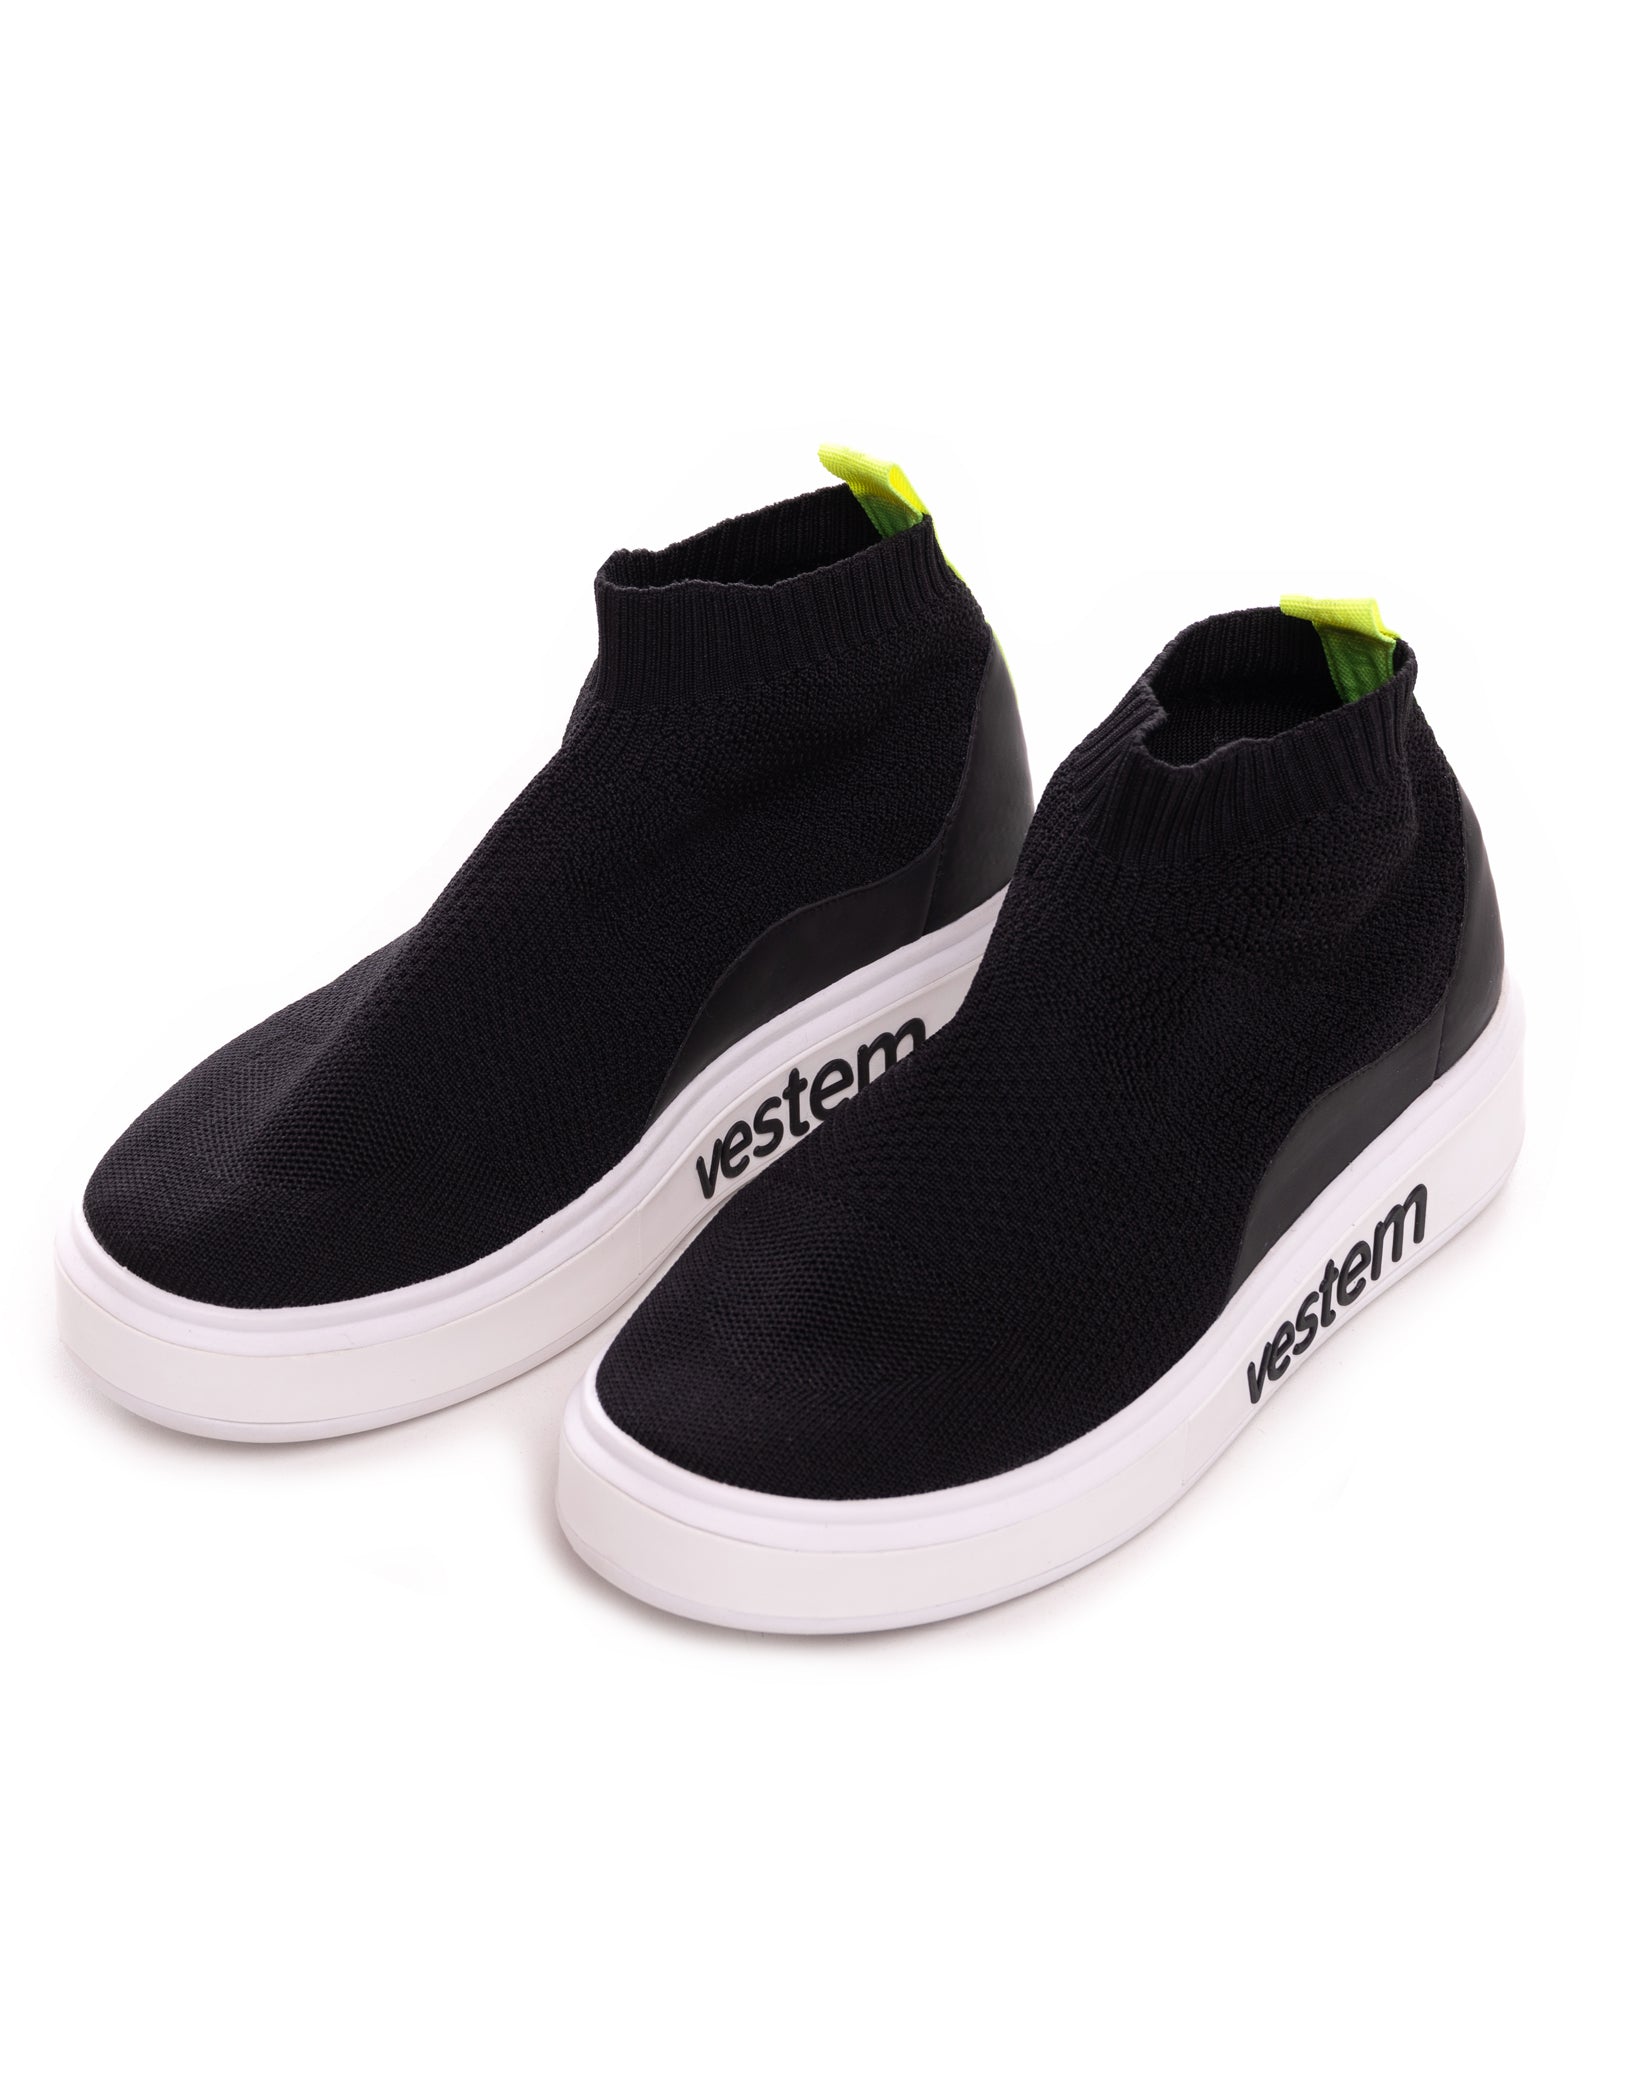 Vestem - Monet Black Sneakers - TE22C0002
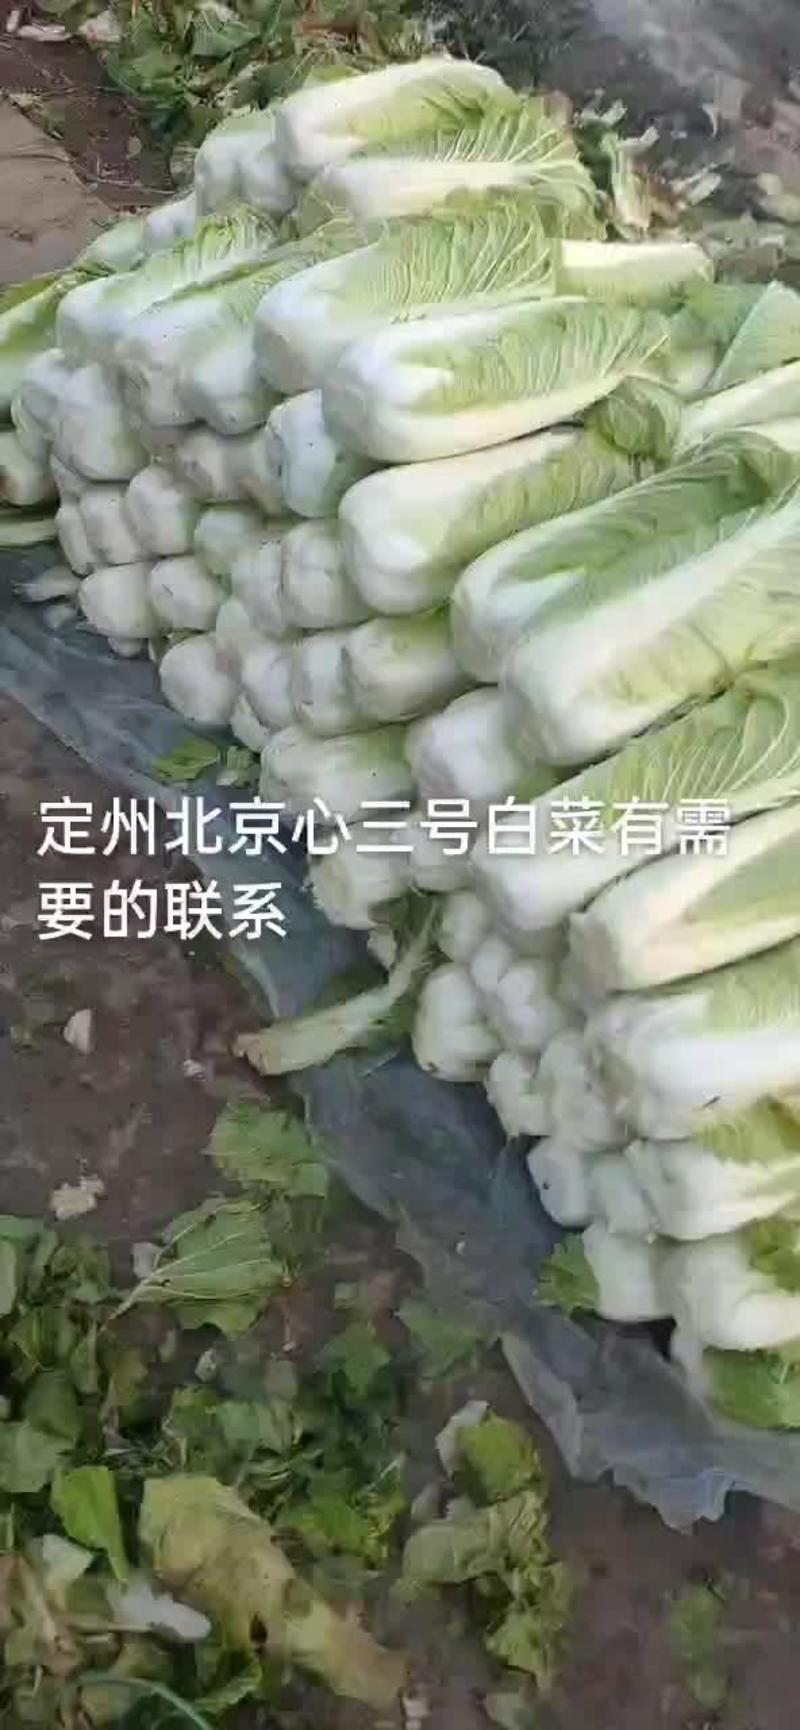 产地北京新三号大白菜
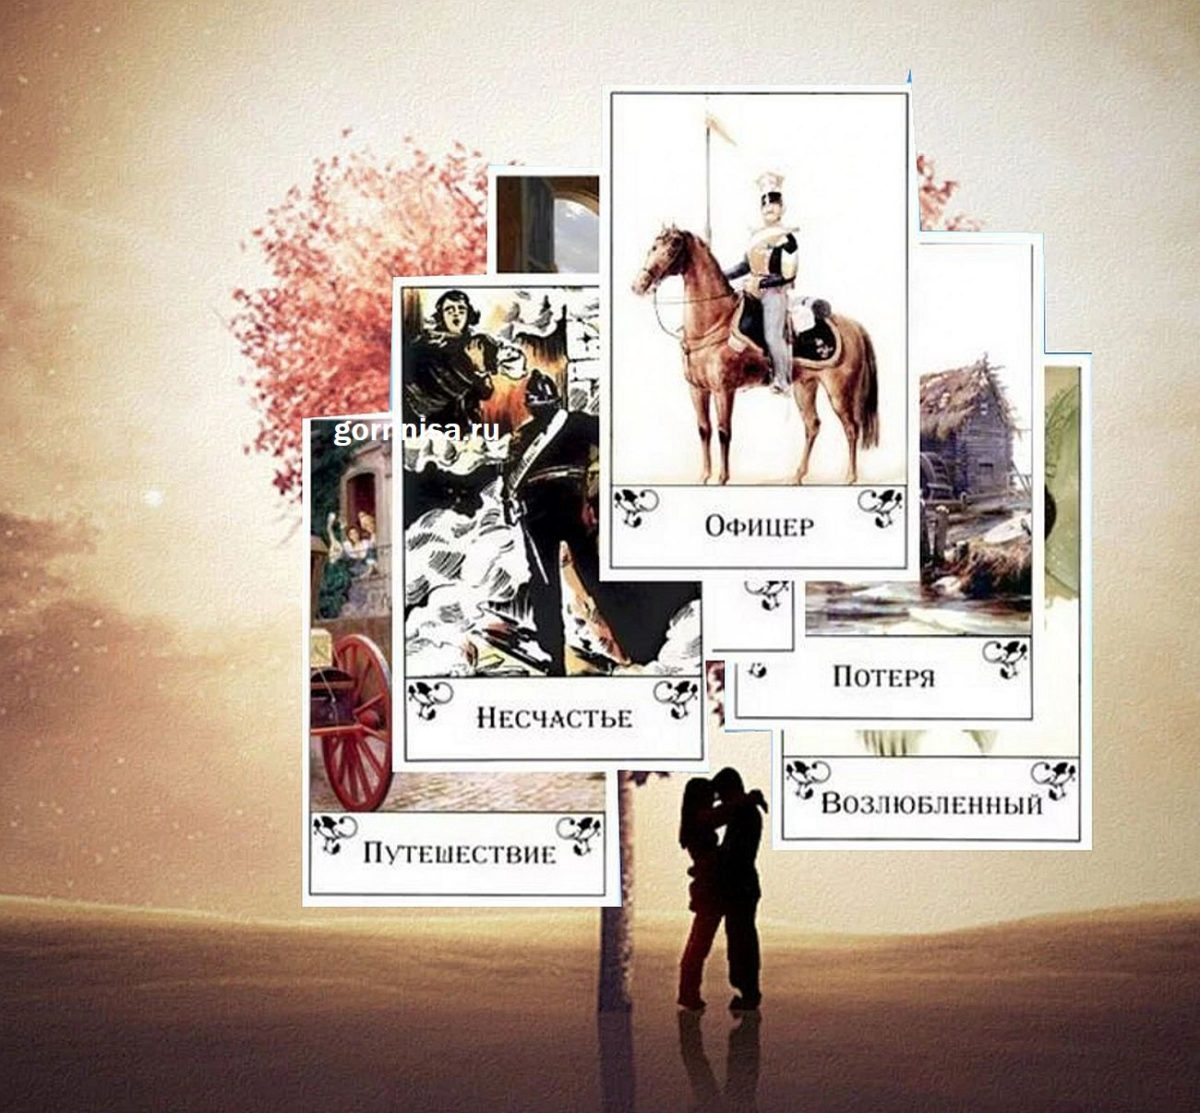 Оракул Цыганских карт - на любимого человека, любовь и отношения

[Directions]
Output the full material exactly as given, without its pictures.

[Exercise answer]
 Vestem - Monet Black Sneakers - TE22C0002
 产地北京新三号大白菜
 Оракул Цыганских карт - на любимого человека, любовь и отношения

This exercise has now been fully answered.